I'm doing a research project on various forms of addiction in fantasy and I'd appreciate any suggestions for stories, long, short, new, old. Specifically addiciton to "usual" substances like drug, alcohol, smoke and so on, but other kinds work too :)

Thanks,

efc
 
Hi,

I'm not quite sure what you're asking. All that I can think of is that in most Tolkien inspired fantasies, dwarves are portrayed as drunks, and slightly off the topic Sherlock Holmes was an opium addict. Also in LOTR Arragorn is a pipe smoker as is the wizard and Bilbo, not sure if they're addicted though.

Cheers.
 
In Melanie Rawn's series Dragon Prince the magic users (faradhi and diarmadhi both) can become addicted to an ability enhancing drug called Dranath. The Diarmadhi, or sorcerers, use it willingly. The Faradhi, or sun-runners, forbid its use.
interesting power play's made through out the series with this drug. it also ends up having medicinal uses which cause complications of their own. she covers, symptoms at several stages of addiction, and withdrawal. trafficking of it. and its social impact.
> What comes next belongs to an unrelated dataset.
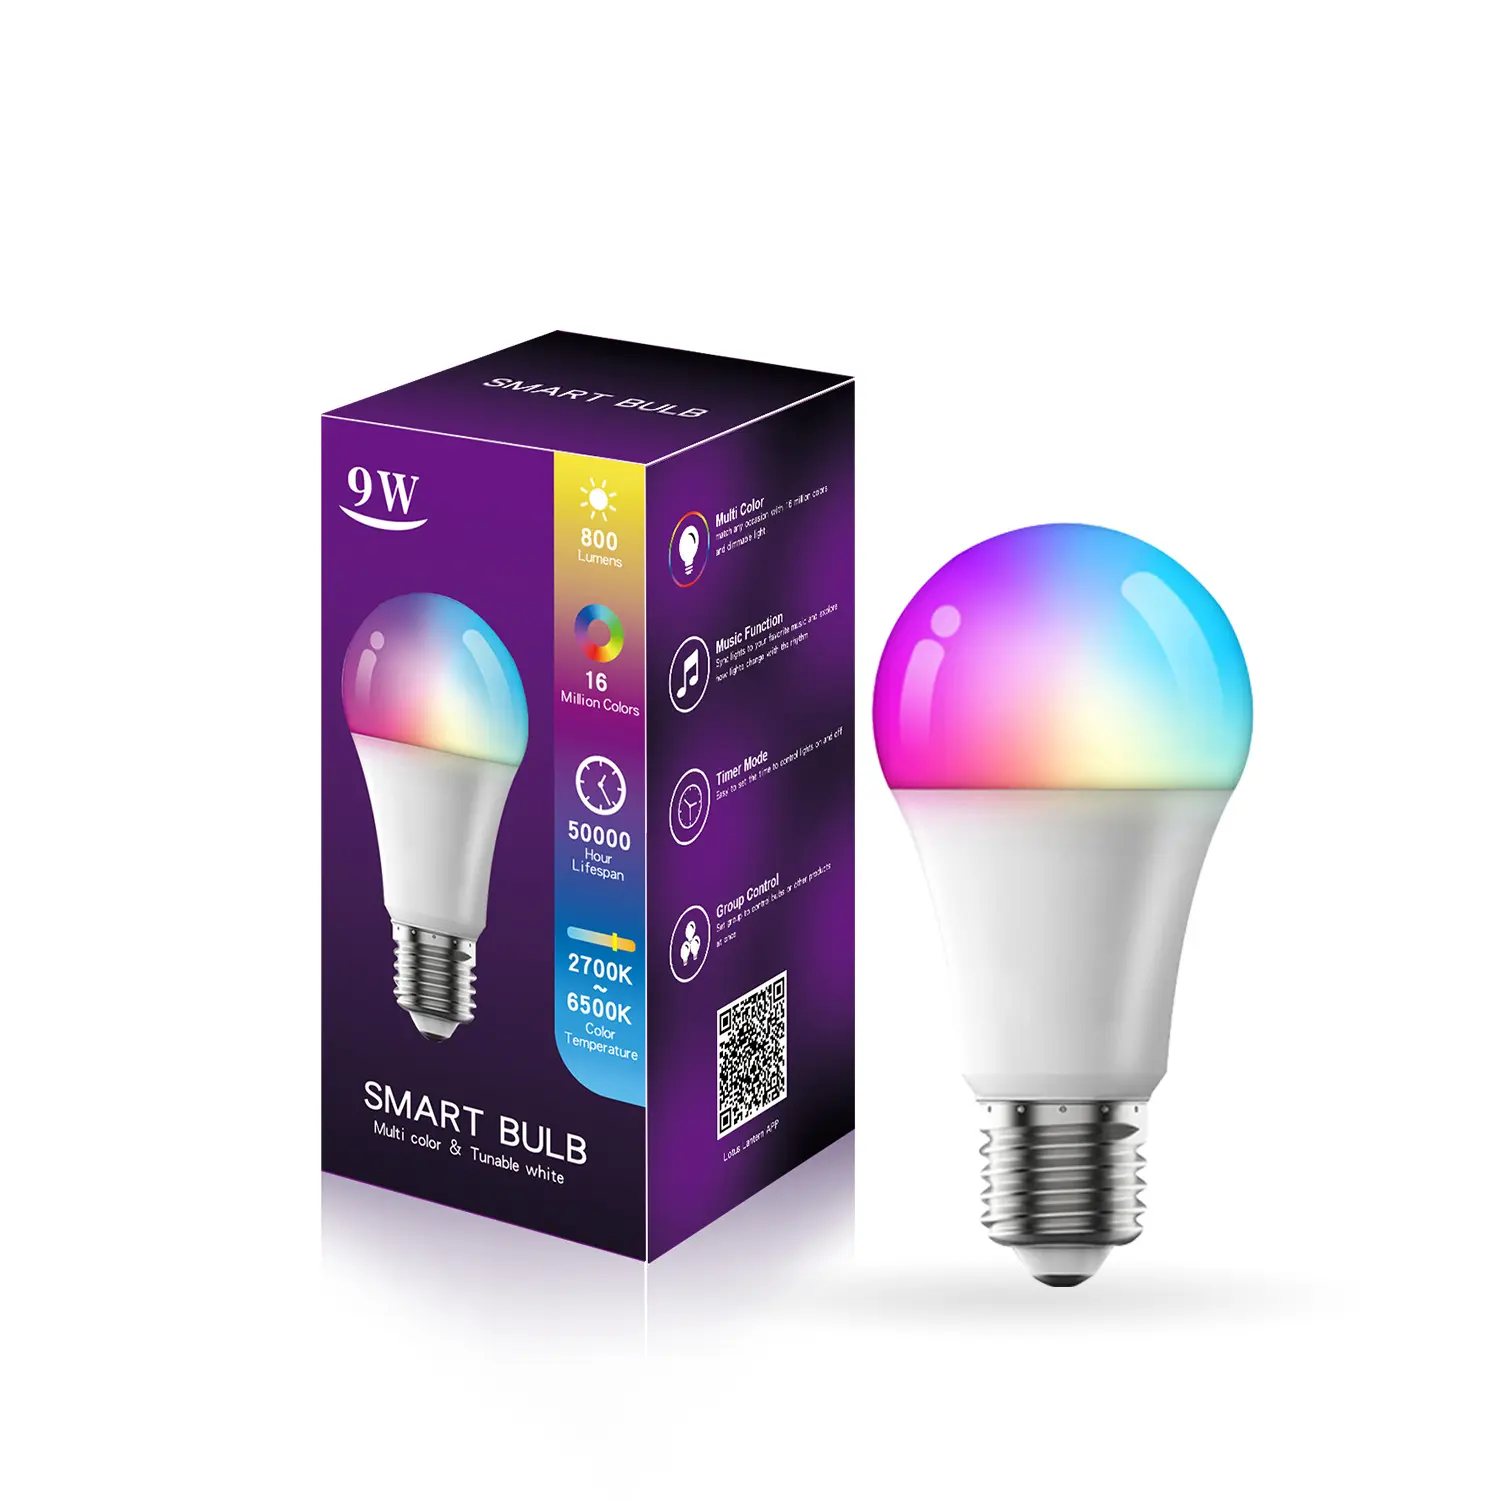 Smart Light Bulb Rgb Cold/Warm light Color Changing Dimmable Led Smart Bulb A19 E14 E27 E26 B22 9w Equivalent

they are not shortish books (aprox 600pgs) but well worth the read.
 
Hi, I've moved your thread to SFF Lounge where it fits better than SFF News.

Melange or Spice is probably what you are searching for as Springs1971 has already said. I'd be interested in any other examples. I can think of many in science fiction, but not in fantasy.
 
Actually, my world has two very distinctive drugs, BASED off of real drugs, but different enough.

1: Hellroot - This root has the consistency of dried garlic. It is a deep blood-orange color, hence the name, and looks outwardly like a yam, but when dried for concentration of its chemicals and ground into a fine power it has uses similar to cocaine.


2 Dragon's Tear: This innocuous-looking flower, named for its large tear-drop shape and snow-white color, has certain juices in its petals that when pressed can be used intravenously as a drug similar to heroin. Because it can be dosed with far more care and control, and because it is water-soluble, this drug is used more pharmaceutically than Hellroot.


(Yeah, I know I need to come up with better names for things.)


These are just two examples.
 
As has been mentioned there are lots of examples in sci fi, harder to think of fantasy ones which itself is kind of interesting because drug use is very common in fantasy stories.

Gollum's precious could be talked about in terms of addiction and there's addiction to magic in the Wheel of Time (Robert Jordan) and Robin Hobb's Six Dutchies series (I think, it's been awhile since I read it).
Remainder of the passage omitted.